▶ PROBLEM REQUIREMENTS: Transcribe the records below exactly as written, from the opening line through the line that contains "Billede 1 - Billigt".

Data items:
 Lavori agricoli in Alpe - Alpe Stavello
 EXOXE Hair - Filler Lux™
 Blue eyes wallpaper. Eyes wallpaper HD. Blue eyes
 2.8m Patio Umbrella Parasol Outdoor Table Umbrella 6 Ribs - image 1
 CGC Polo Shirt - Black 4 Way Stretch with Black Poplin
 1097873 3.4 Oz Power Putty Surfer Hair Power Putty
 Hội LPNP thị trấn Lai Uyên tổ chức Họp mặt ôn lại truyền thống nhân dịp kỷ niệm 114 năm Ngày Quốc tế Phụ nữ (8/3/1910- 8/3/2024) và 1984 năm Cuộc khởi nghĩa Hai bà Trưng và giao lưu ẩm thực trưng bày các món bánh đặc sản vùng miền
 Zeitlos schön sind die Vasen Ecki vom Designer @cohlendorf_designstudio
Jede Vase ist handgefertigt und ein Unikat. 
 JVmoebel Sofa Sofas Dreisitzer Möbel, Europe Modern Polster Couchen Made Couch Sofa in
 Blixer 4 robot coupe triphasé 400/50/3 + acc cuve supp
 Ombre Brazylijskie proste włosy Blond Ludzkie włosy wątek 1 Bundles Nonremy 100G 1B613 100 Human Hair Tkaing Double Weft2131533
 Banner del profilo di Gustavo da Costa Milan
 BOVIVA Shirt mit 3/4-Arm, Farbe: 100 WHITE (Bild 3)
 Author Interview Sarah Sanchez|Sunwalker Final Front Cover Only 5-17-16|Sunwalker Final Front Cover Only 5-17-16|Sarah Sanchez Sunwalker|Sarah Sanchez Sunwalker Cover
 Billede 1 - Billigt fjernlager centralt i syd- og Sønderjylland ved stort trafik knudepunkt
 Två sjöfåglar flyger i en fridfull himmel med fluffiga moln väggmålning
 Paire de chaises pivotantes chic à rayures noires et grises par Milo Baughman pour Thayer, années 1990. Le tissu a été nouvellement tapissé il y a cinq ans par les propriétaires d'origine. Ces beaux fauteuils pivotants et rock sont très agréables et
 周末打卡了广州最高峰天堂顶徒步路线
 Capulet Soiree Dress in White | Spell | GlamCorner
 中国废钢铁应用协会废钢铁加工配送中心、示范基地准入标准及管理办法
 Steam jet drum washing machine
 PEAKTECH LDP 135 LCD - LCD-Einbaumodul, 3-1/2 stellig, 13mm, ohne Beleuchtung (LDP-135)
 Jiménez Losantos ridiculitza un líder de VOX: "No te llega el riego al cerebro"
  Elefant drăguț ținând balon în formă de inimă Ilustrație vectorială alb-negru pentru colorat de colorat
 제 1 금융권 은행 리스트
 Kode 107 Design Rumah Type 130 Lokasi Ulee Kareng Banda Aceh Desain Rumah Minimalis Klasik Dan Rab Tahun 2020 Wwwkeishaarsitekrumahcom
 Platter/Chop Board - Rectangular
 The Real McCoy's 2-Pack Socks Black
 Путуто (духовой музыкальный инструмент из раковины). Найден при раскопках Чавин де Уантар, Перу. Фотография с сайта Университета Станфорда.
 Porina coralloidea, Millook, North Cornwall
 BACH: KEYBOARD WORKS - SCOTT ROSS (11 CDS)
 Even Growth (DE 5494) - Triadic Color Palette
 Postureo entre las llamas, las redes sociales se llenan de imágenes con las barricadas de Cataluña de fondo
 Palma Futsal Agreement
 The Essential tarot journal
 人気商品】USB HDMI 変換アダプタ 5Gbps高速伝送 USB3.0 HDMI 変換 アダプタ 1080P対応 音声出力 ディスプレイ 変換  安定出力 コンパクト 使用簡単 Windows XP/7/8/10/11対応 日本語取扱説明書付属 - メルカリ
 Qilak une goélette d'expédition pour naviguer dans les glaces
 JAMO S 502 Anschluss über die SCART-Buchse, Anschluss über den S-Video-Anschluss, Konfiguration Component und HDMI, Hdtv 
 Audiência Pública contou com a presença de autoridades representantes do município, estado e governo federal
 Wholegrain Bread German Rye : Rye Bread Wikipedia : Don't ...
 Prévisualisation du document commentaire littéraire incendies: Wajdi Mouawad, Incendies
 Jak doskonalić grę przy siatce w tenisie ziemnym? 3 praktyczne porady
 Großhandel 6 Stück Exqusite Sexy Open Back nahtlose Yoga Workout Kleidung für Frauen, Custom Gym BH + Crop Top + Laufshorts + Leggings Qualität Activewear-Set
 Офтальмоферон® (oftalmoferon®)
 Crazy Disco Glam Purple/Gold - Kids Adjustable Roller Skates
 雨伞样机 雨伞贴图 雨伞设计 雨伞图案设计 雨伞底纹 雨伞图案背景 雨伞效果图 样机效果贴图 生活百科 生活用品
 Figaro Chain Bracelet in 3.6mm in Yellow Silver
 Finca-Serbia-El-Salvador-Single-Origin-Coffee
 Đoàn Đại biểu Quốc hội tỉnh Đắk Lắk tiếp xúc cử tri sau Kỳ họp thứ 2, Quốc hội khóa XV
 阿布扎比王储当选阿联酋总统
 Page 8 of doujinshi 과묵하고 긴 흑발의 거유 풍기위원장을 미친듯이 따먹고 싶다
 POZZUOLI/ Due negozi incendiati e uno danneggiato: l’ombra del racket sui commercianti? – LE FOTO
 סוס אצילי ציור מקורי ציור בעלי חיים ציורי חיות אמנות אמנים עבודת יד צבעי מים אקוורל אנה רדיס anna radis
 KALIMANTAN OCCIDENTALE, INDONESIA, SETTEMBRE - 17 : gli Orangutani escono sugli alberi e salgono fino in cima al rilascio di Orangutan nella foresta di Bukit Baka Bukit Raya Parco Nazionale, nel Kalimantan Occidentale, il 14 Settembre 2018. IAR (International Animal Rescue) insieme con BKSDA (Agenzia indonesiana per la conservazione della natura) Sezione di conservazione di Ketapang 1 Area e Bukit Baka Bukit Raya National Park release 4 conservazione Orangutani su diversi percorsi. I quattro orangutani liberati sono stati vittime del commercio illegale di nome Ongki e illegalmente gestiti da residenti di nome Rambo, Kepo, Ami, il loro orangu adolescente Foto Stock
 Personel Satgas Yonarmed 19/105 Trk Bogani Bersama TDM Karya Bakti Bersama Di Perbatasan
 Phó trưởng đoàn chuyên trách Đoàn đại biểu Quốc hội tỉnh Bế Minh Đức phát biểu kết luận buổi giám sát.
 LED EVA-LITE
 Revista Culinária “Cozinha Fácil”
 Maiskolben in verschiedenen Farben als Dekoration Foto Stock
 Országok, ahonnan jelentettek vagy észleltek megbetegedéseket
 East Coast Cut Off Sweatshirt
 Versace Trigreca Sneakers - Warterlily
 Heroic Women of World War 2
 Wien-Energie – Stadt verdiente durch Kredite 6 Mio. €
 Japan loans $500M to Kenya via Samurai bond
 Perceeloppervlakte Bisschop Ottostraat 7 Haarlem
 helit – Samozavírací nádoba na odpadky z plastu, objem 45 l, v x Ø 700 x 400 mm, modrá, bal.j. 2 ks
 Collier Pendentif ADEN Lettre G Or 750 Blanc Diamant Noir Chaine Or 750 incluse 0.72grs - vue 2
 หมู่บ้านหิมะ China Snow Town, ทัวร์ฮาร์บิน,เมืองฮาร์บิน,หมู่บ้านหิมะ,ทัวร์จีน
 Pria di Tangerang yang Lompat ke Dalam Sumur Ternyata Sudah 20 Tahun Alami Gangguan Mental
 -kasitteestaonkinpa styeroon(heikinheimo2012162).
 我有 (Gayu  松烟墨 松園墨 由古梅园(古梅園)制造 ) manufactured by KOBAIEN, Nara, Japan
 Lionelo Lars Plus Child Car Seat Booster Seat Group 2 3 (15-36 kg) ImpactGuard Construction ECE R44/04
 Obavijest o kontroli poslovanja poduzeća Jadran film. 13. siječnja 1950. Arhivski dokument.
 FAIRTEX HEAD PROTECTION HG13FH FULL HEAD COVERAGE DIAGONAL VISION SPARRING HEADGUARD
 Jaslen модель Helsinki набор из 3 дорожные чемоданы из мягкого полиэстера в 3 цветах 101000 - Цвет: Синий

▶ RESULT:
 Lavori agricoli in Alpe - Alpe Stavello
 EXOXE Hair - Filler Lux™
 Blue eyes wallpaper. Eyes wallpaper HD. Blue eyes
 2.8m Patio Umbrella Parasol Outdoor Table Umbrella 6 Ribs - image 1
 CGC Polo Shirt - Black 4 Way Stretch with Black Poplin
 1097873 3.4 Oz Power Putty Surfer Hair Power Putty
 Hội LPNP thị trấn Lai Uyên tổ chức Họp mặt ôn lại truyền thống nhân dịp kỷ niệm 114 năm Ngày Quốc tế Phụ nữ (8/3/1910- 8/3/2024) và 1984 năm Cuộc khởi nghĩa Hai bà Trưng và giao lưu ẩm thực trưng bày các món bánh đặc sản vùng miền
 Zeitlos schön sind die Vasen Ecki vom Designer @cohlendorf_designstudio
Jede Vase ist handgefertigt und ein Unikat. 
 JVmoebel Sofa Sofas Dreisitzer Möbel, Europe Modern Polster Couchen Made Couch Sofa in
 Blixer 4 robot coupe triphasé 400/50/3 + acc cuve supp
 Ombre Brazylijskie proste włosy Blond Ludzkie włosy wątek 1 Bundles Nonremy 100G 1B613 100 Human Hair Tkaing Double Weft2131533
 Banner del profilo di Gustavo da Costa Milan
 BOVIVA Shirt mit 3/4-Arm, Farbe: 100 WHITE (Bild 3)
 Author Interview Sarah Sanchez|Sunwalker Final Front Cover Only 5-17-16|Sunwalker Final Front Cover Only 5-17-16|Sarah Sanchez Sunwalker|Sarah Sanchez Sunwalker Cover
 Billede 1 - Billigt fjernlager centralt i syd- og Sønderjylland ved stort trafik knudepunkt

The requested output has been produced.